A Holy Prose Poem in the Key of G
God Almighty, geez, good golly, and gee willikers. My good girlfriends, Gwendolyn, Grace, Gloria, and Genevieve, say they are aggrieved that greenhouse gases are extinguishing the glorious greenery, and I guess I can do nothing but agree with this ghastly and ghostly augury (egads and glory be!).
No F-Bomb Poem
Far be it from me to infest my free verse with the F-bomb, for this is a family-friendly forum and it would cause a frightful kerfuffle, especially from people of faith. I refuse to use any word that is fraught with fraud or in any other way flawed, because if I want to fly far up there with the highfalutin folk of fantabulous fame and fortune I fathom I could go a lot further with fine formalisms that foment fidelity, friendliness, fantasy, and fun. And now, this non-fractious, non-frenzied, non-fallacious, non-foul-mouthed, no F-bomb poem is finally finito.
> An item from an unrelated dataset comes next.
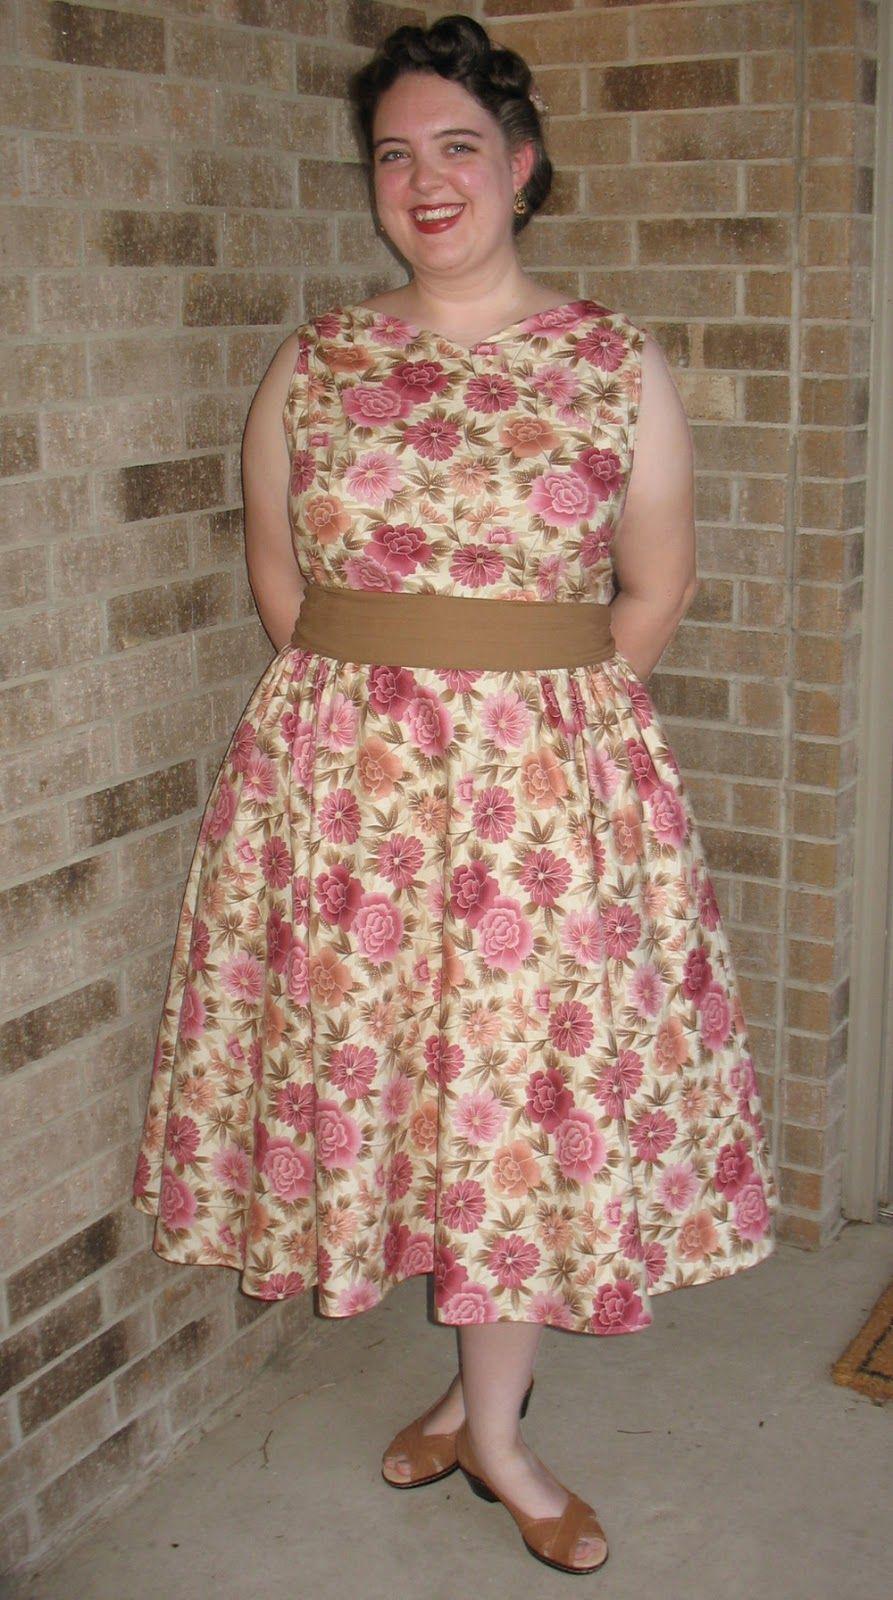 Aux Belles Choses Easter Dress 2013 Butterick 6582

Around and About and Around Again
A is for apple and it’s also an alleyway to our awesome alphabet. “Ay?” you ask. “Absolutely,” I answer adamantly. And once you get ahold of that A, it is always accessible. And you can find it anywhere: in Albany, Albuquerque, Andalusia, Appalachia (with a short “a,” not a long “a,” as I’ve been admonished), in arid Arizona, and in all areas of America aboard Amtrak in April or August; in Angola, Afghanistan, and Azerbaijan, in the arctic attic of Aunt Agatha’s abode in Anchorage, Alaska; aloft in the air, along the avenues of Austin or Akron or Abilene, in Article A of your attorney’s affidavit, your advocate, in which he argues for abeyance at arbitration while you absorb an abundance of alcohol. You can accumulate A’s anyplace, actually. Your abdomen, your arteries, your abs, your aorta, your adenoids, your appendix, your armpits, your arthritic ankles, and your alimentary canal (it’s alimentary, my adorable and amiable amigos). Although I am aching to keep this anacreontic* appropriately antiseptic (aha, there’s an asterisk after anacreontic because I already assumed you were going to ask—an anacreontic is an ode and it was named after the Athenian author Anacreon), but all right, I’ll allow an aberration for the sake of all this alliteration. Alleluia and alas. (Now how about them apples?)
Cindy Hochman is the president of "100 Proof" Copyediting Services and the editor-in-chief of the online journal First Literary Review-East. Her latest chapbook, Telling You Everything, was recently published by Unleash Press. Cindy resides in Brooklyn, New York (USA), where she reads, writes, edits, meditates, studies Russian, learns tai chi, and agonizes over politics.